◆ **DATASET ENTRIES**
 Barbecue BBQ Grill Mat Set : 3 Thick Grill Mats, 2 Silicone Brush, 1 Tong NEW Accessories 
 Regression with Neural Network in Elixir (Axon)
---
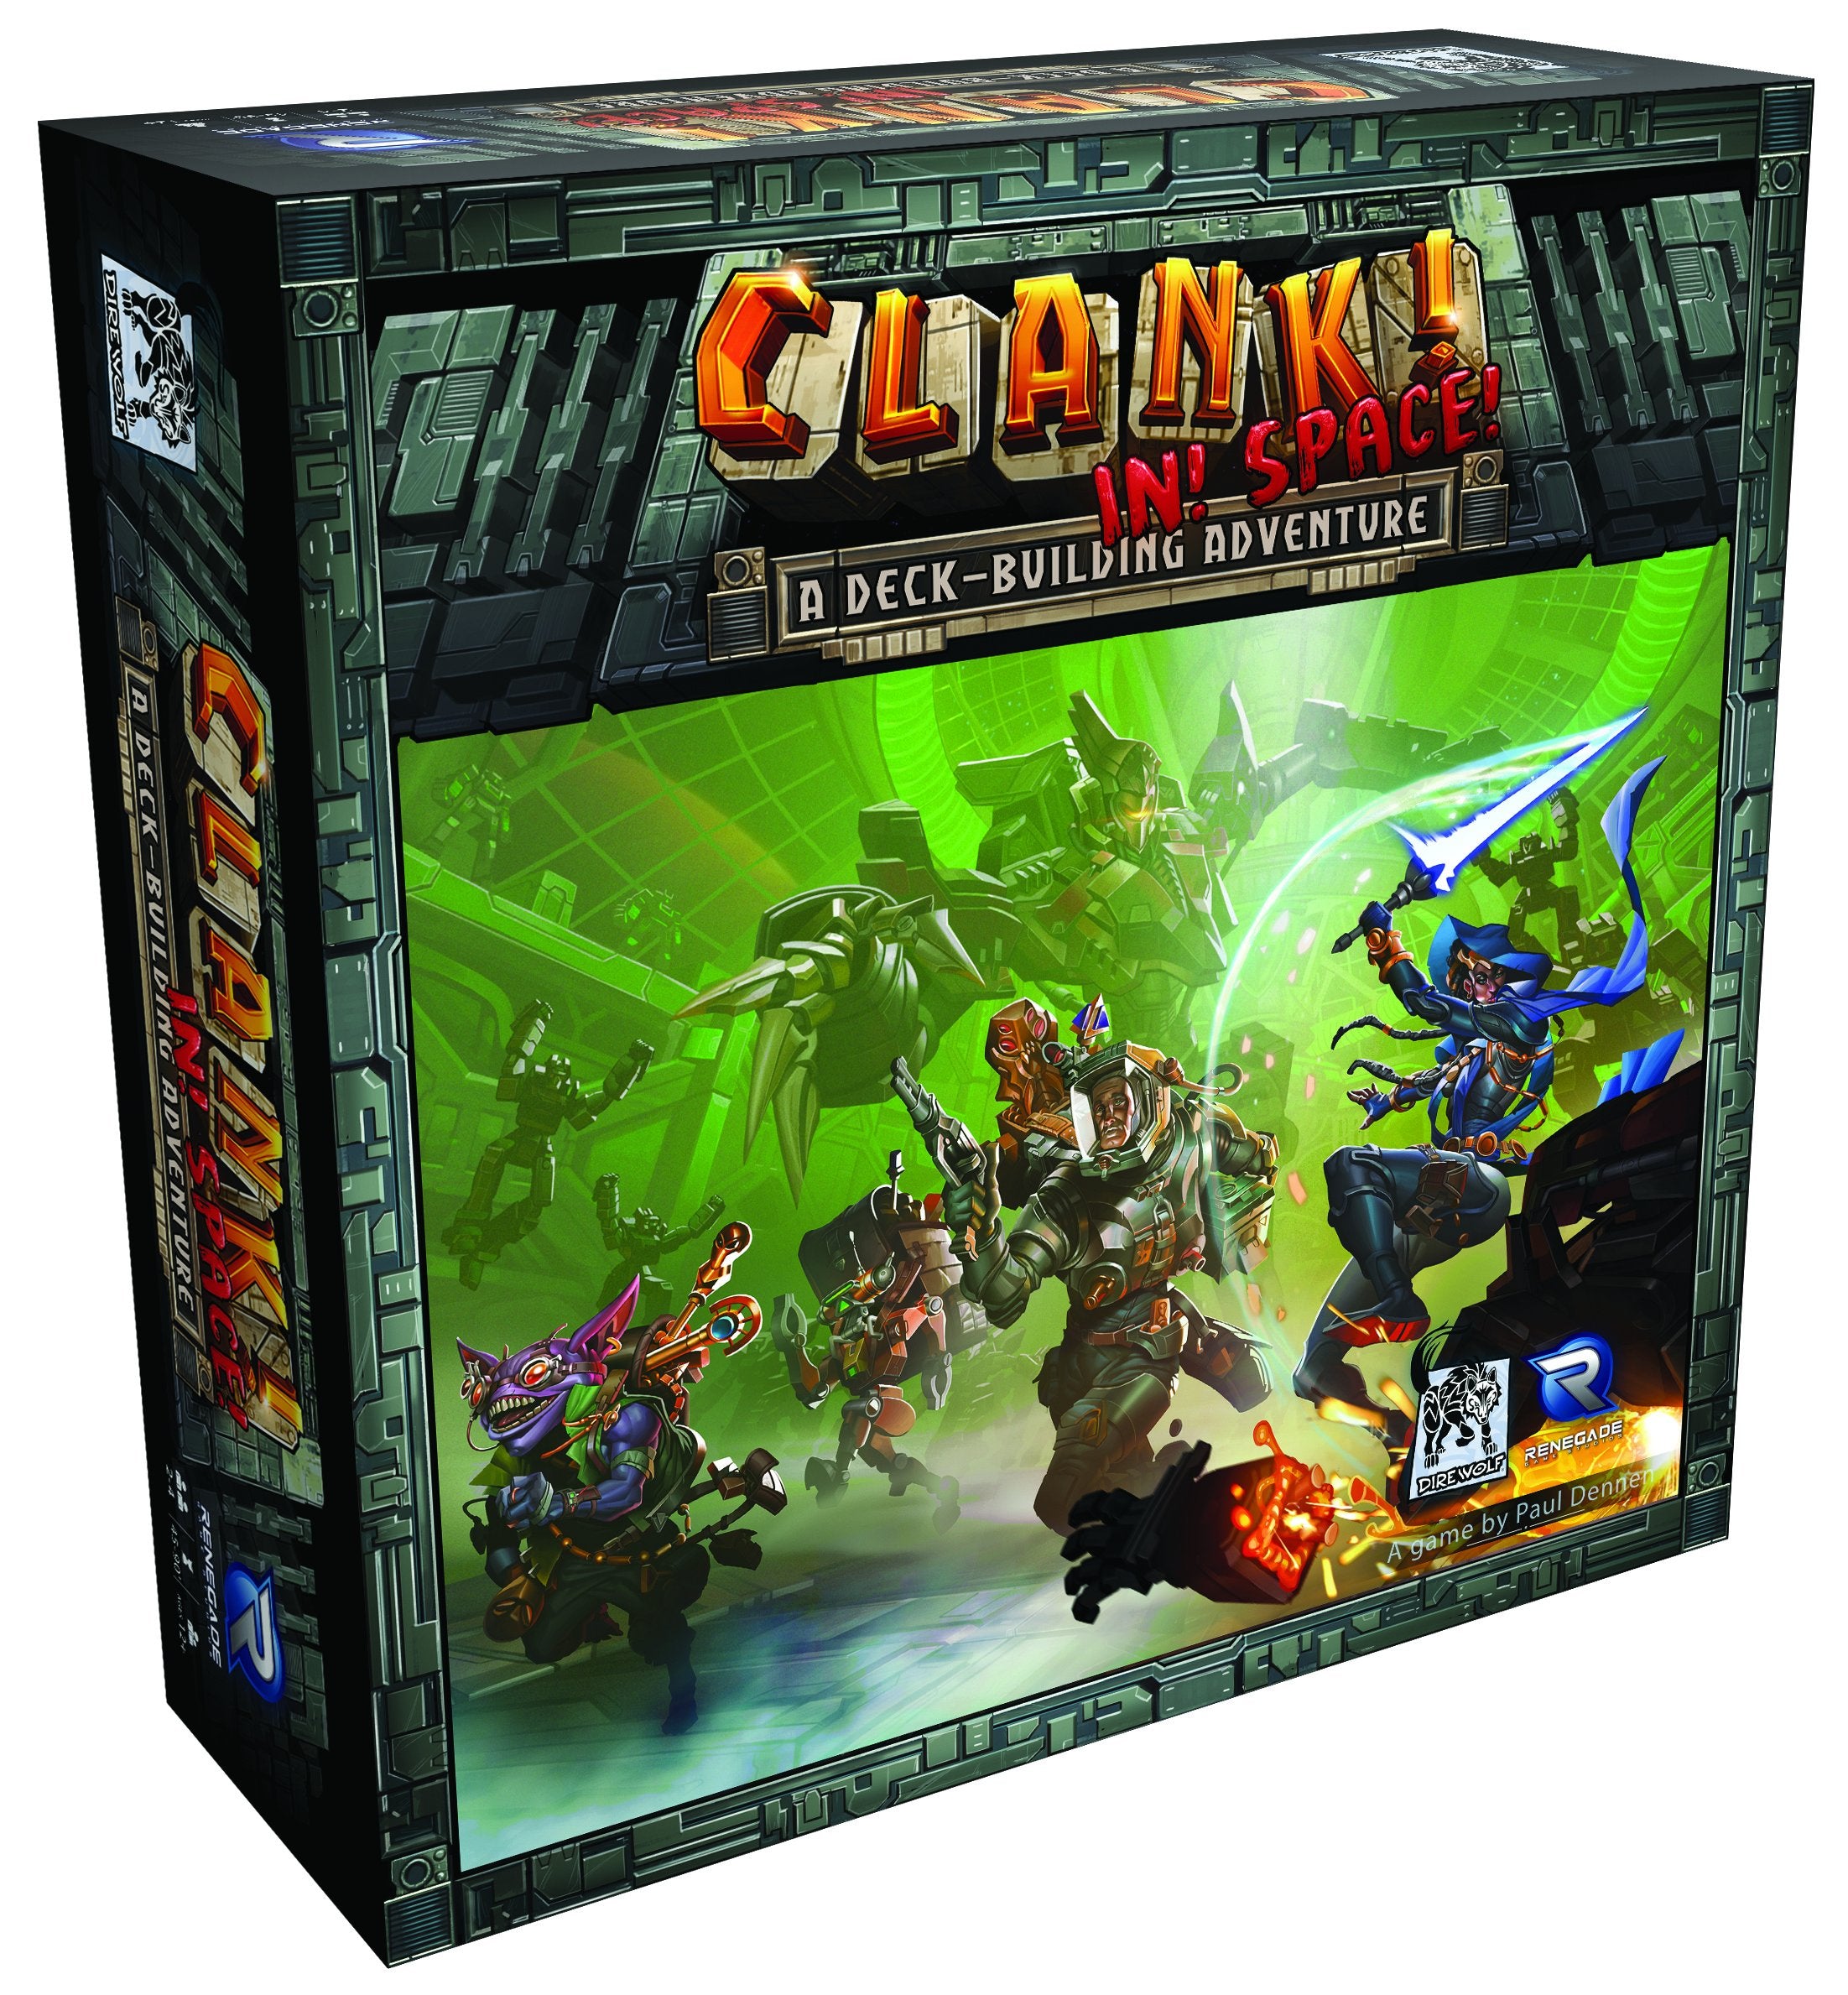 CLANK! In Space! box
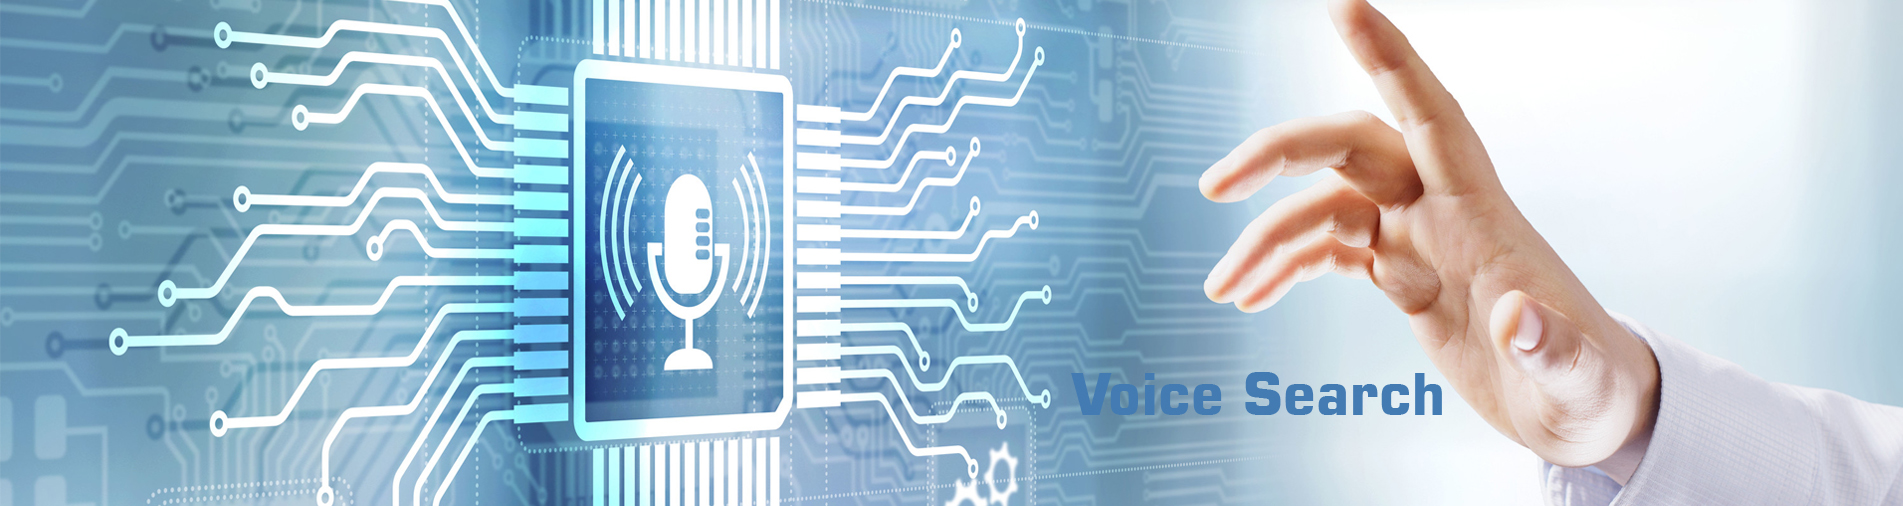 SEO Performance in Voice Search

◆ **WHAT THE EXERCISE ASKS**
Look above for the line holding "Barbecue BBQ Grill" and the line holding "Regression with Neural", then output exactly those two lines and every line between them, nothing more.

◆ **OUTPUT OF THE TASK**
 Barbecue BBQ Grill Mat Set : 3 Thick Grill Mats, 2 Silicone Brush, 1 Tong NEW Accessories 
 Regression with Neural Network in Elixir (Axon)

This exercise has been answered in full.